3302:       ++ssl3stats.sch_sid_cache_not_ok;
3310:   ++ssl3stats.sch_sid_cache_hits;
3321:   ++ssl3stats.sch_sid_cache_misses;
4293:   ++ssl3stats.hsh_sid_cache_hits;
4312:   ++ssl3stats.hsh_sid_cache_not_ok;
4314:   ++ssl3stats.hsh_sid_cache_misses;
5154:       ++ssl3stats.hch_sid_cache_not_ok;
5327:   ++ssl3stats.hch_sid_cache_hits;
5389:   ++ssl3stats.hch_sid_cache_not_ok;
5394:    ++ssl3stats.hch_sid_cache_misses;
5557:    ++ssl3stats.hch_sid_cache_misses;

To test this hypothesis, I propose to change the above 11 lines of code 
to call PR_AtomicIncrement.  But there is a gotcha.  

PR_AtomicIncrement operates on PR_Int32 values only.  The counters named
above are part of a public structure, and are of type "long".  So, simply
changing each line above to call PR_AtomicIncrement will produce build
errors on 64-bit platforms where sizeof(long) != sizeof(PRInt32).

All the binary compatible solutions to this problem that occur to me require conditional compilation using a pre-processor symbol that unambiguously means 
"sizeof(long) > sizeof(PRInt32)".  
This seems to be a recurring problem for NSS.
In order to fix this bug, I will need a "feature test macro" 
(preprocessor symbol) that means "sizeof(long) > sizeof(PRInt32)".
Seems like this issue has come up many times in the last year, yet 
I do not remember the answer, if there is one.  
Anyone remember what it is?
Priority: -- → P1
This patch creates a new function, SSL_AtomicIncrementLong(long *x)
which effectively does an atomic increment on the long, whether long is
32 or 64 bits.  It uses PR_AtomicIncrement to do the hard parts.  

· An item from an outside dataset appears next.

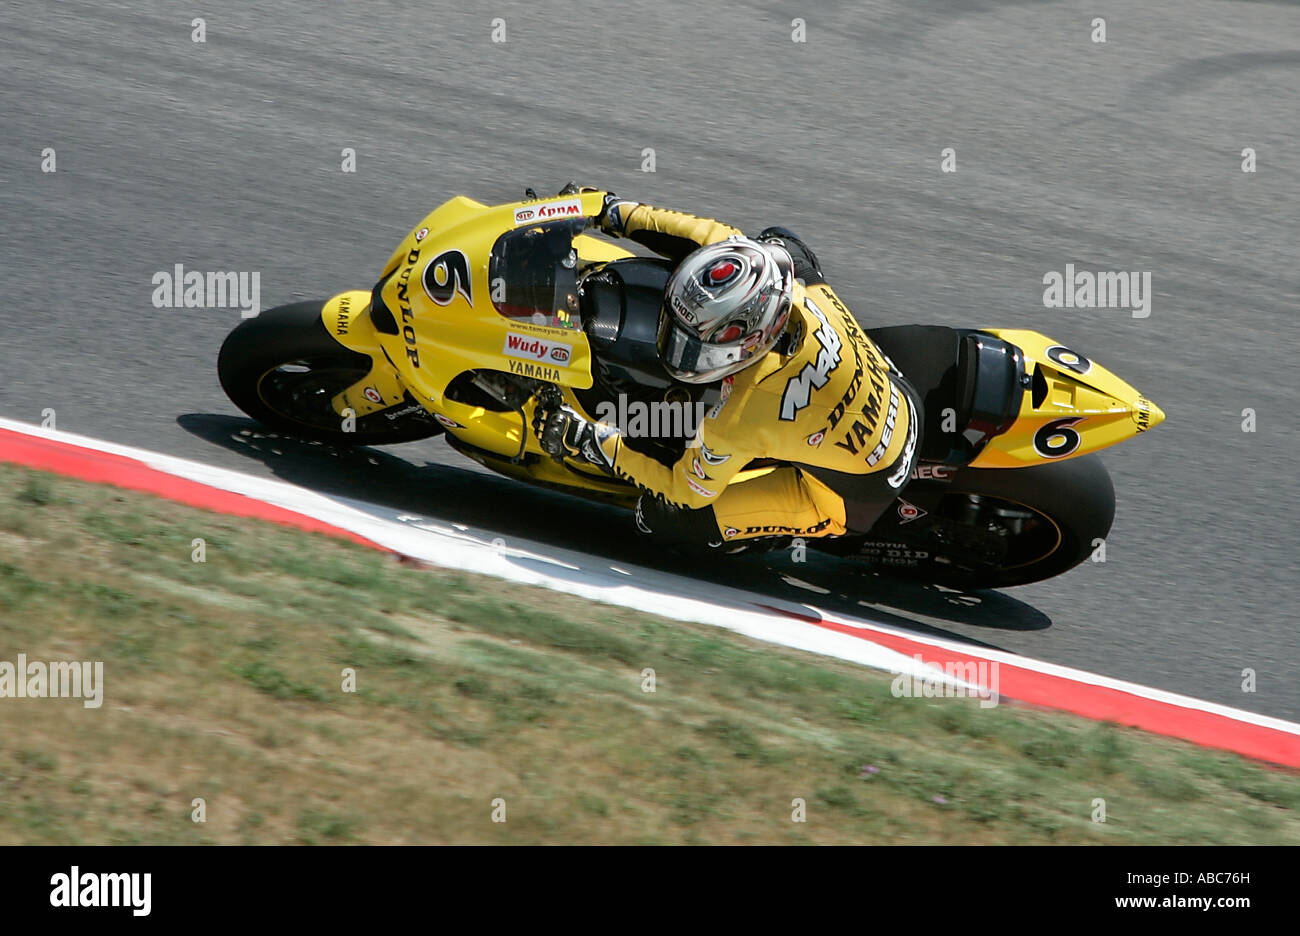 Makoto Tamada riding for the Dunlop Yamaha Tech 3 team in the 2007  Catalonia Moto GP, Montmelo, Barcelona, Spain Stock Photo - Alamy

For the 64-bit long case, you may argue that the function is NOT atomic.
However, for programs that do lots of such increments in multiple threads
simultaneously, and which never look at the results until the end (after
all the increments are done), it can be shown that the results of this 
function are equivalent to true 64-bit atomic operators, and that's good
enough for strsclnt and selfserv.

Sorry if this gives anyone heartburn.  :)

Christophe, 
Please test this by patching a build source tree with this change.  
Trunk or branch will be OK.  Thanks.
Attachment #213432 - Flags: review?(julien.pierre.bugs)
Comment on attachment 213432 [details] [diff] [review]
patch v1 (checked in)

Nelson, the feature test macro you asked about in comment
1 can be done with NSPR's PR_BYTES_PER_LONG.

  #include "any NSPR header"

  #if PR_BYTES_PER_LONG == 4

means

  "sizeof(long) == sizeof(PRInt32)"

So you can use this compile-time test in SSL_AtomicIncrementLong.

The issue that has come up many times last year is not this
issue.  That issue is the feature test macro for "native"
(as opposed to compiler emulated) support of PRInt64 in a
32-bit build, for example, when you compile with the
-xarch=v8plus flag of the Sun compiler or the +DA2.0 flag
of the HP compiler.

Here are my review comments of your patch.

It's better to capitalize the type names tooLongStr and tooLong,
which is NSS's naming convention.  Perhaps you can name them
SSLInt64 or SSLLongLong.

I find the use of || a little hard to understand.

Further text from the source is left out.